Family Outing, Part Deux
2000-08-04 - 20:21:18

'this paint-by-numbers life, is fuCing with my head...'

Someone decided yesterday that they wanted to see a Shakespeare show. We've actually been planning to see "Shakespeare on the River" for some time now. But someone up and decided we should go right then.

'...people say that back then, she really wasn't that crazy...'

Around five, we were ready to leave for the theatre. (This is, of course, very good, because we almost left on time, rather than the typical 'hour later than desired'.) We all piled into our designated seats; I sit in the middle. Somehow my father ended up driving. First of all, I would like to state that my father is a better talker than driver. And a farr better screaming-angry-confused person than a talker (actually, he's not much of a talker at all, which doesn't say good things about his driving).

'...sometimes I dream about it, what it's like back home...'

So shortly after we got into the van, chaos erupts, with lotsa hollering and whatnot. There's a disagreement on where we should stop for food on the way. McDonalds, Subway, Burger King. Step-mother insists that we stop at all three, knowing that Burger King is the farthest outta the way, and she just wants to please 'her' kid. Father insists on NOT stopping at three places, because of the driving.

'...too good for this world, but I hope you will stay...'

Sister eventually changes her mind, and decides to go with McDonalds as well. By the time we get to Burger King, Step-sister has changed her mind, and wants to go to Subway. More chaos, and she changes her mind back to Burger King, just as we are about to leave. Burger King forgets to give us nearly half of what we ordered.

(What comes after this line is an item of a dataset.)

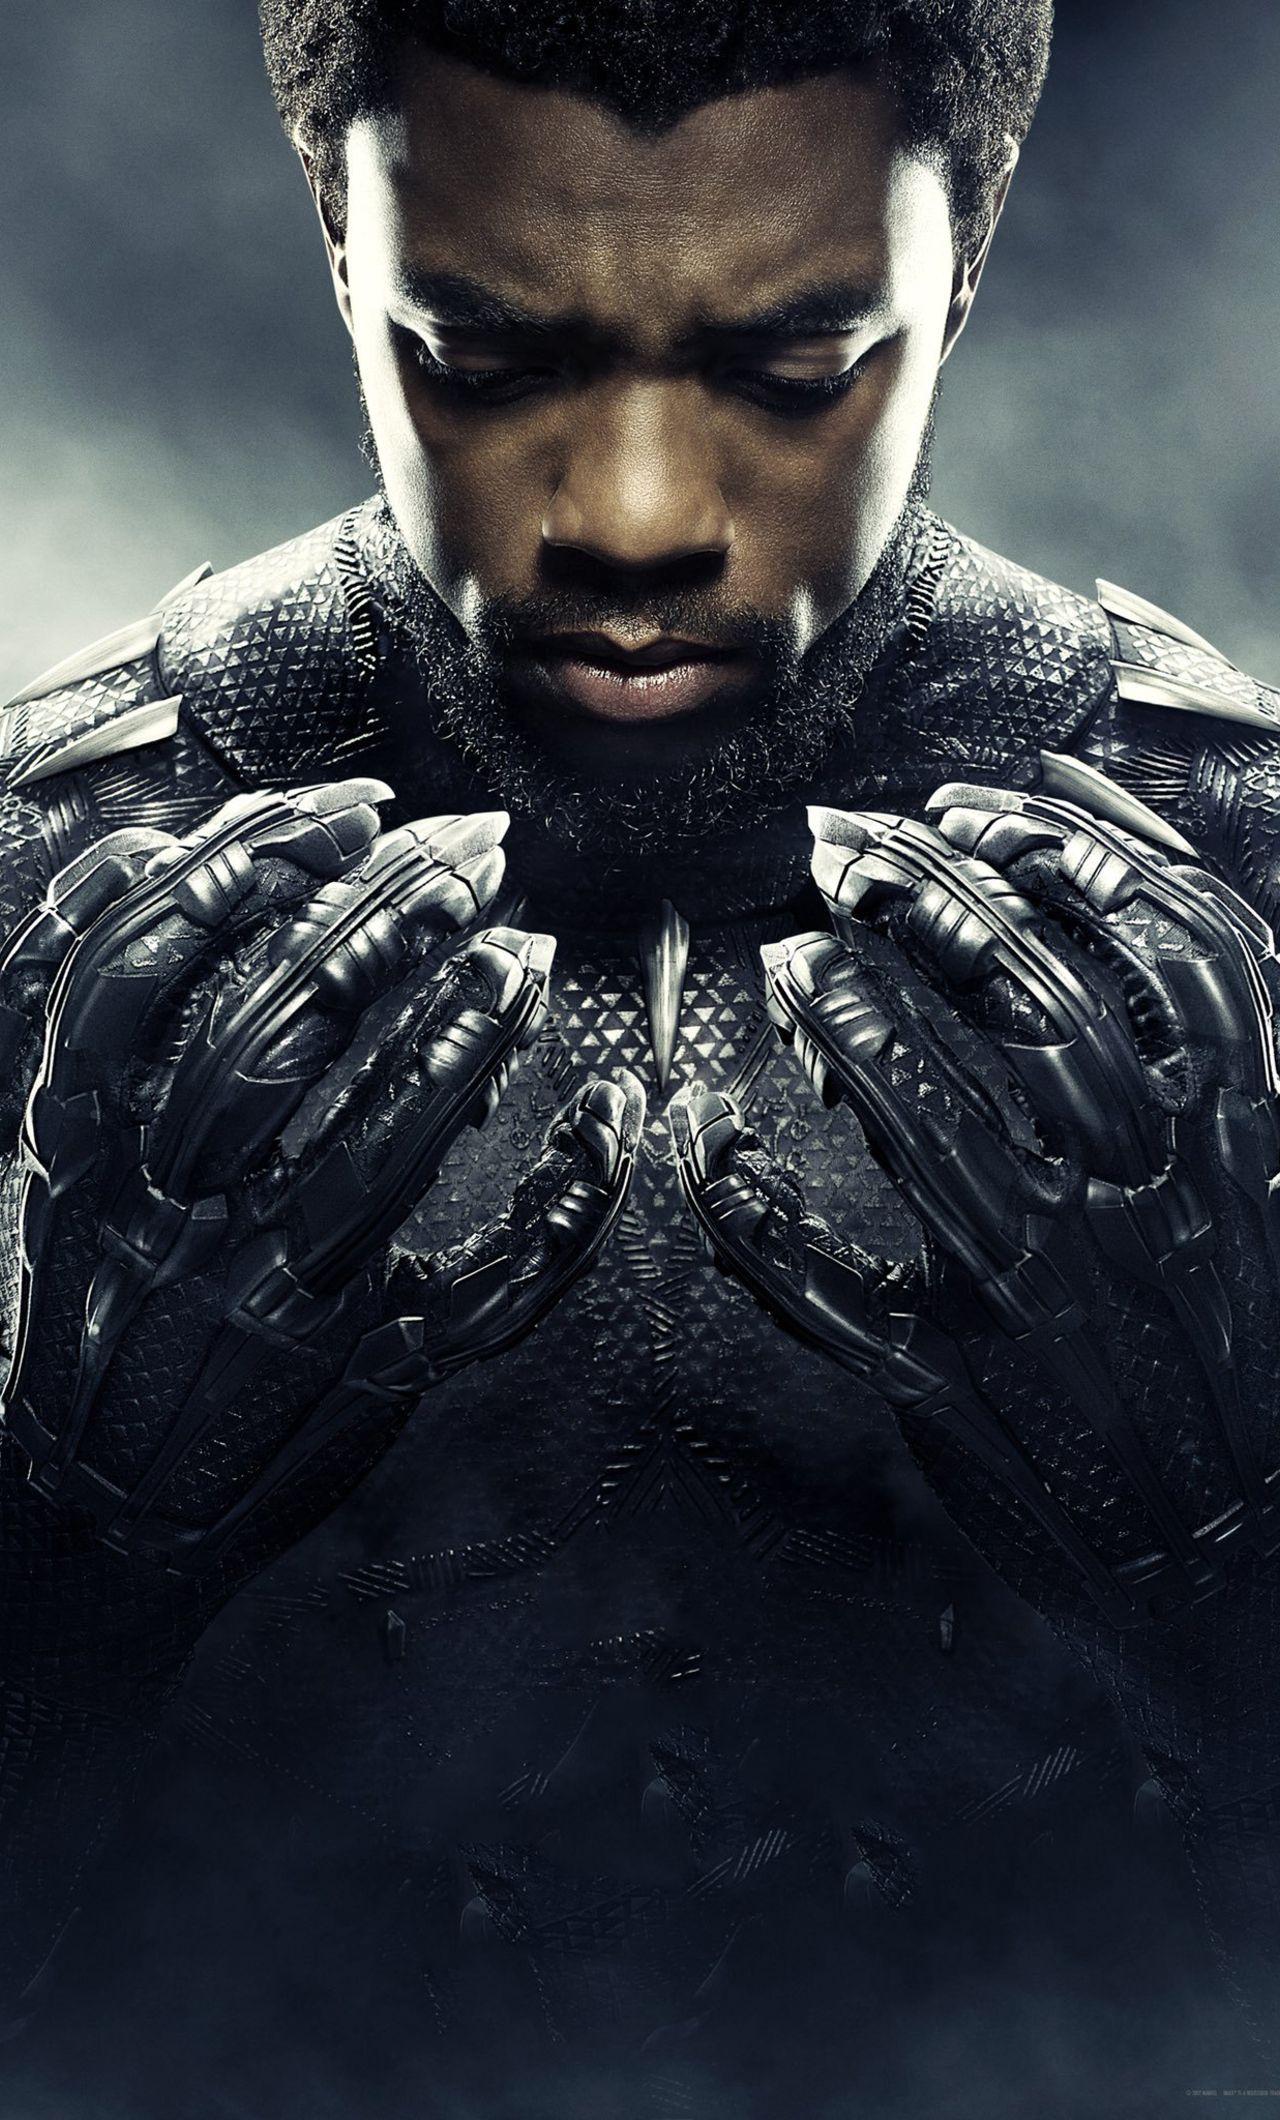 Rip Black Panther Wallpapers Top Free Rip Black Panther Backgrounds Wallpaperaccess
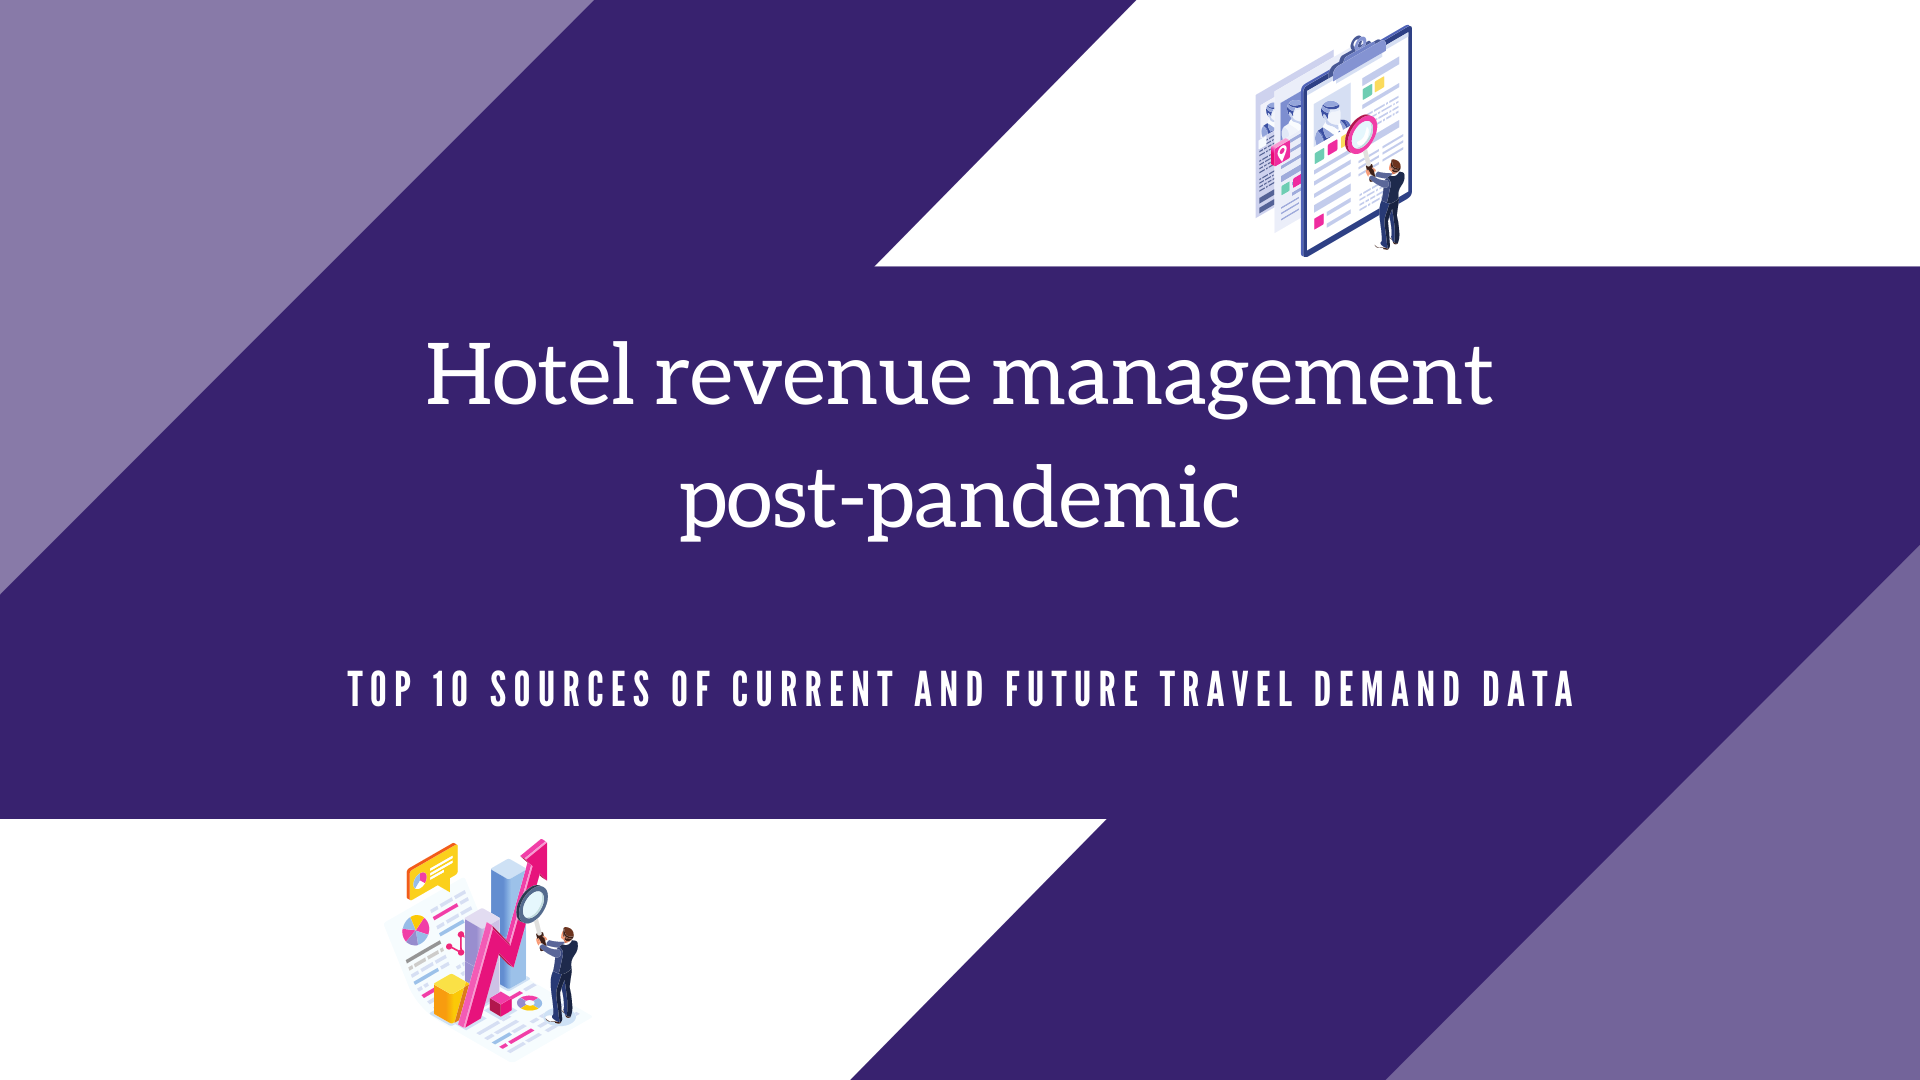 Hotel revenue management post-pandemic: Top 10 sources of current and future travel demand data

'...and I don't need you tellin' me how...'

A short while afterward, we're on the road, or shall I say, the highway. There's a really nasty argument going on, but I don't seem to notice. Amid the chaos I seem to find something. Order. Peace. Enlightenment. My own private oasis of utopia. A feeling that makes me think Maslov forgot a level of his Egyptian-esque hierarchy. And then my thoughts reached the event horizon of my mind's pan-dimensional rift, and my thoughts afterward are lost...

'...that comes from livin' in a world that's so damn...'

What's really strange, is that this is how ALL of our 'family trips' are. Somehow, Father always gets to drive, and the parents are always ripping at each other's throats. Sister and Step-sister sit in the back, headphones blasting, occasionally stopping their music so they can follow the example of their parents, and argue with each other. Then there's a monkey on the middle, smiling like it's his dying day.

'...turn the ugly light off, god...'

And we drive on. My father somehow manages to swerve on a fairly consistent basis. Step-mother offers to show Father some pictures they took of my Step-brother's graduation from college in New Yerk. Father insists to flipp through the pictures himself, going 75 down the highway the whole time.

'...everyone needs to be somebody, everyone needs to find someone who cares...'

I used to leave my seat-belt off, just because it increased my chances of major injury or death if we ever actually got in an accident. But I promised Vicki I'd wear it, at least while there's an incapable driver's in the front seat.

'...they say I'm mental 'cuz I'm not amused by it all...'

More swerving. Father notices himself driving on the rumble strip several dozen times, and fails to notice a few others, as he drools over photographs of his step-son's former girlfriend. Overall, I'm just glad they make highways more-or-less straight.

'...I walk through the world with your name on my tongue, and your picture etched on my screen...'

More screaming. Father says something like "Is this about how much I love you?!?", Step-mother says "This is about how much you love US!". Somewhere in the background, my voice says "ooo, plural." They've had farr too many marriage councilors.

10 x = volume of cd player

20 y = volume of people in vehicle

30 IF x <= y GOTO 50

40 IF x > y GOTO 60

50 x + 1 = x; GOTO 30

60 END

'...and no one will know my name until it's on a stone...'

Anyways, we got to the show alive enough. It was The Comedy of Errors, as preformed by the Penobscot Theatre Company. And it was a really good show. I might even go as farr to say it was worth the drive. Then we had a three-hour drive back home.

'...Friday, five-sixteen, pea-em...'

god bless the Eels, if s/he hasn't already.